*** INPUT DATA Section Begins ***

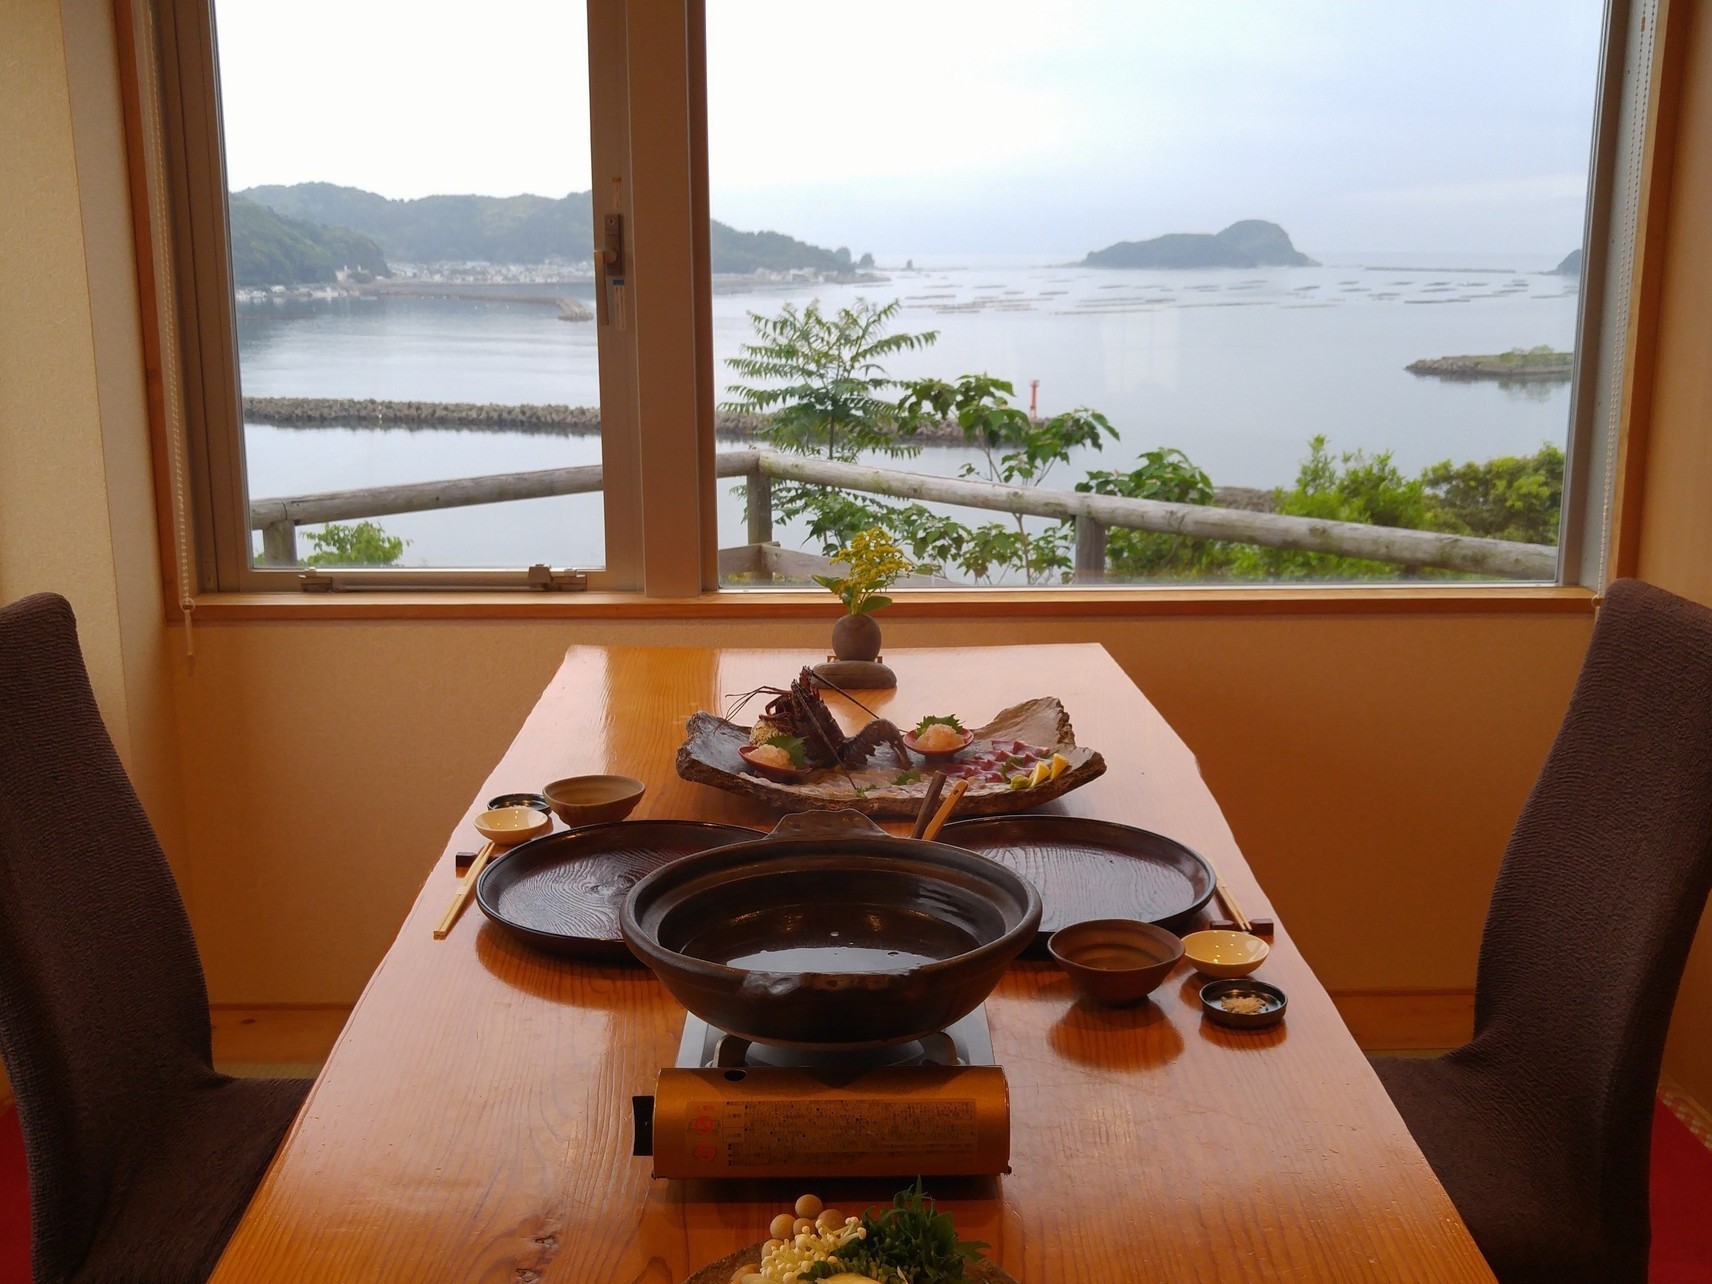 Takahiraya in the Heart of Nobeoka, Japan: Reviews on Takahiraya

*** INPUT DATA Section Ends ***
*** INPUT DATA Section Begins ***

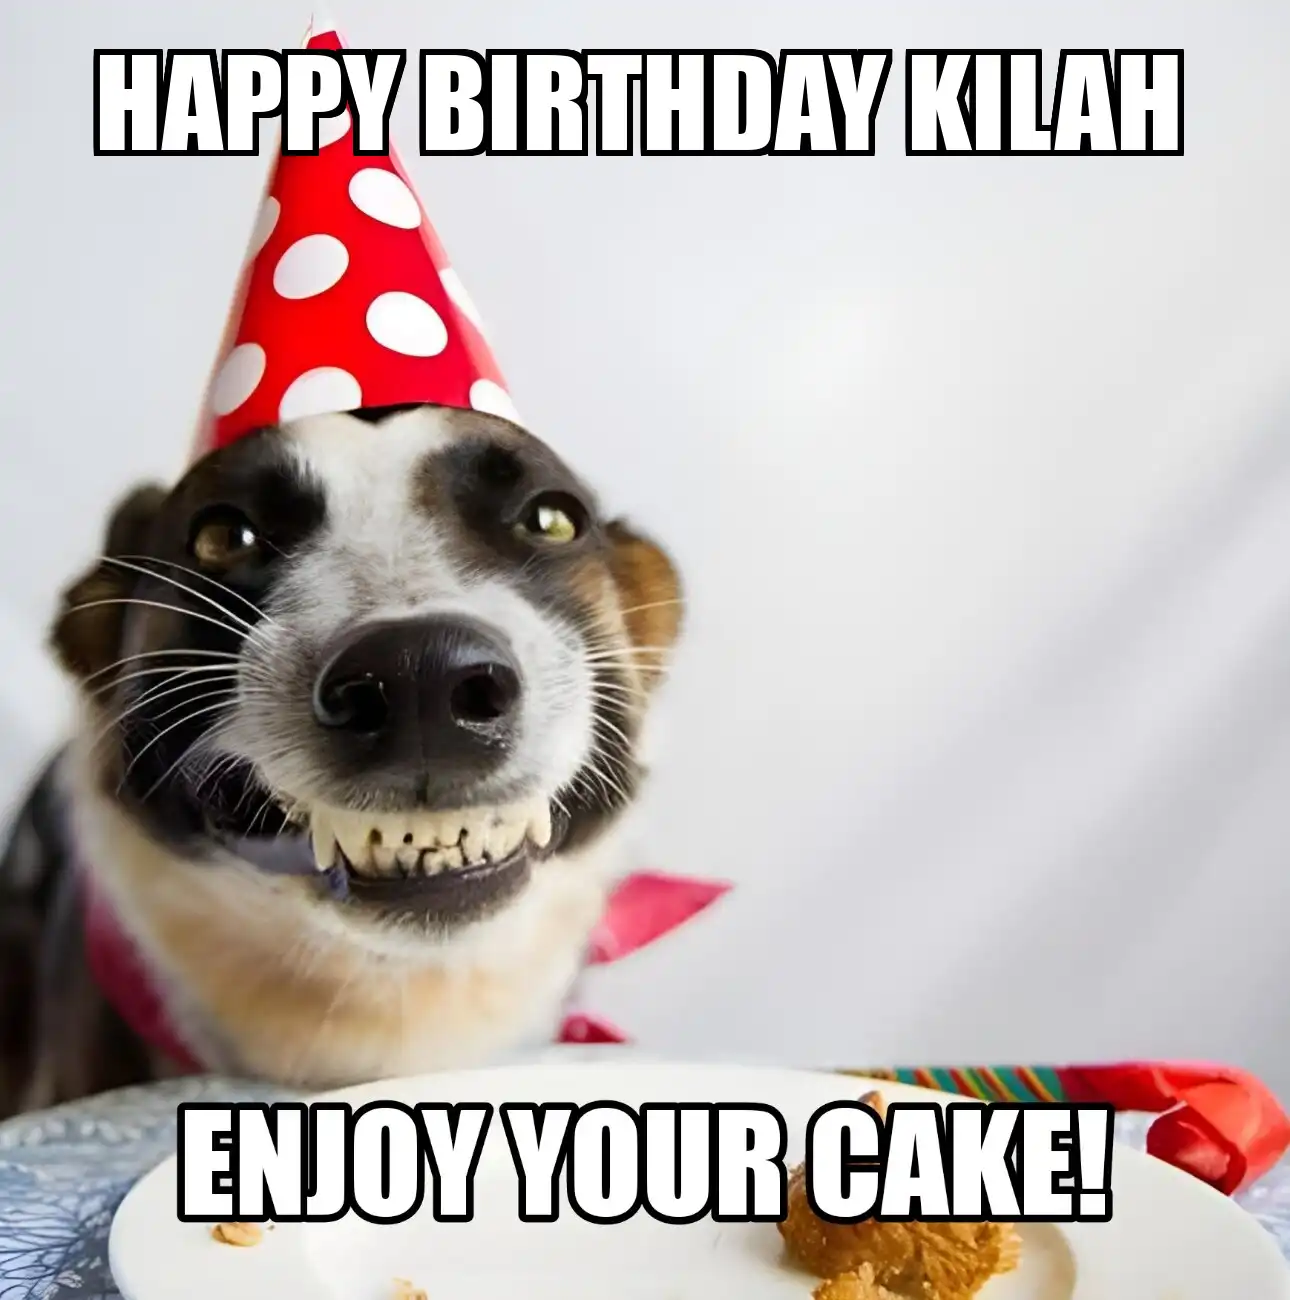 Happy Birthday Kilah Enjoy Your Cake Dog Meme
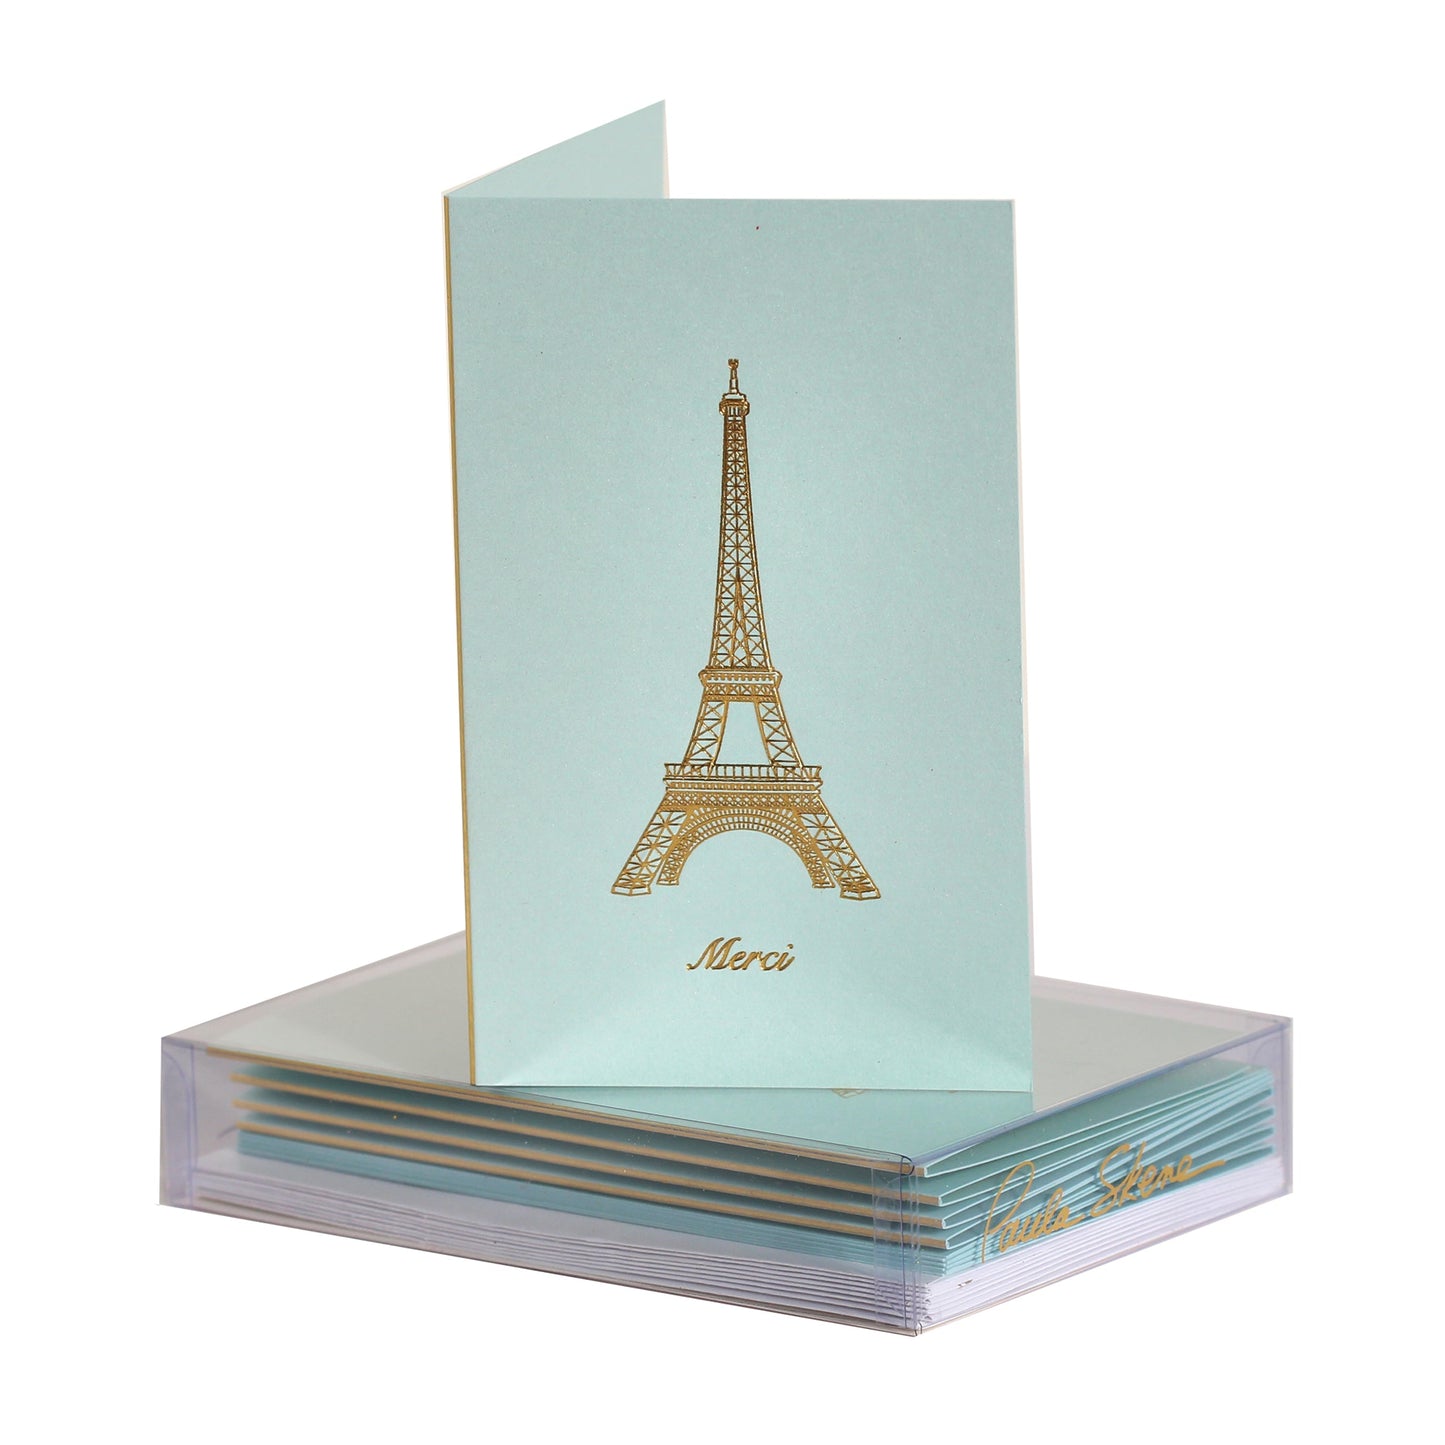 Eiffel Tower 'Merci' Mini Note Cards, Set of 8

*** INPUT DATA Section Ends ***
*** INPUT DATA Section Begins ***

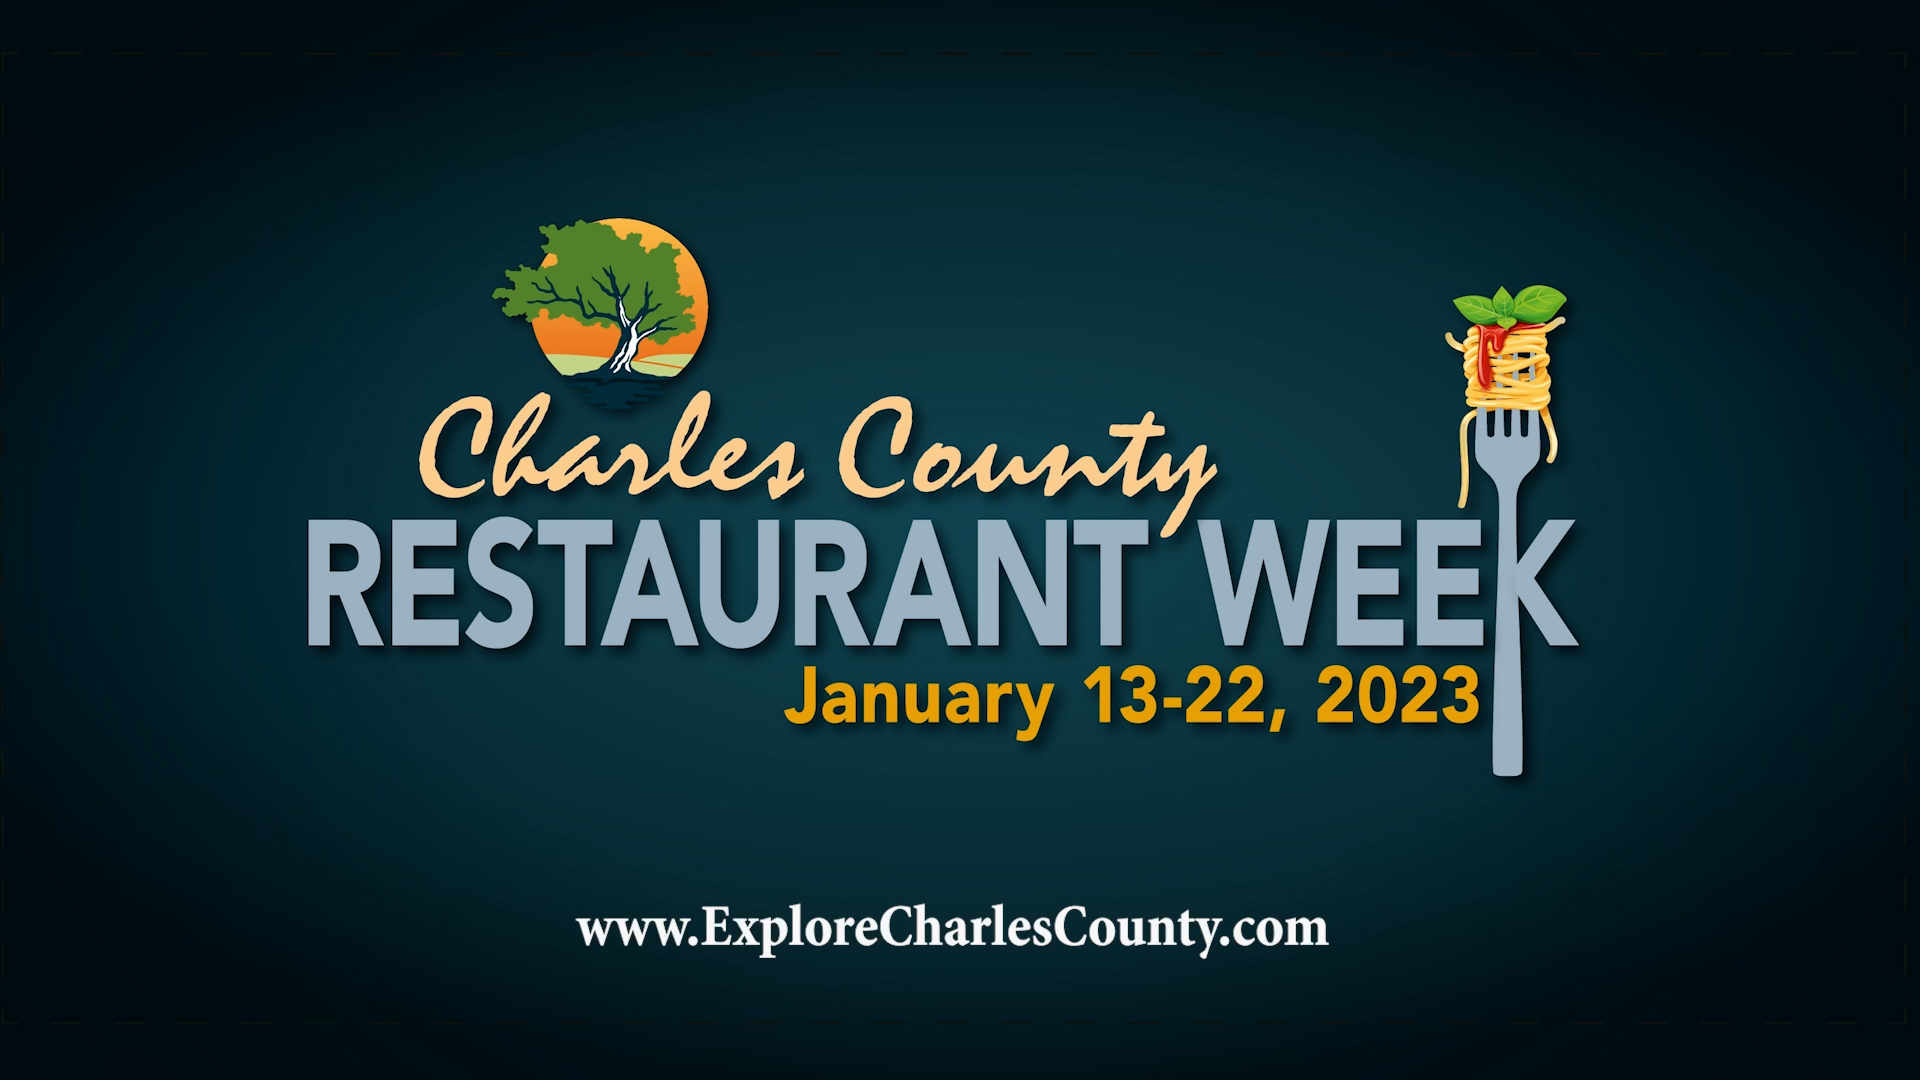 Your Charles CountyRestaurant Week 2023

*** INPUT DATA Section Ends ***

◆ **AIM OF THE TASK**
When you reach the line with "Happy Birthday Kilah" in the records above, start writing out each line exactly, and stop after the line with "Eiffel Tower 'Merci'". Pictures stay out.

◆ **RESULT OF THIS TASK**
 Happy Birthday Kilah Enjoy Your Cake Dog Meme
 Eiffel Tower 'Merci' Mini Note Cards, Set of 8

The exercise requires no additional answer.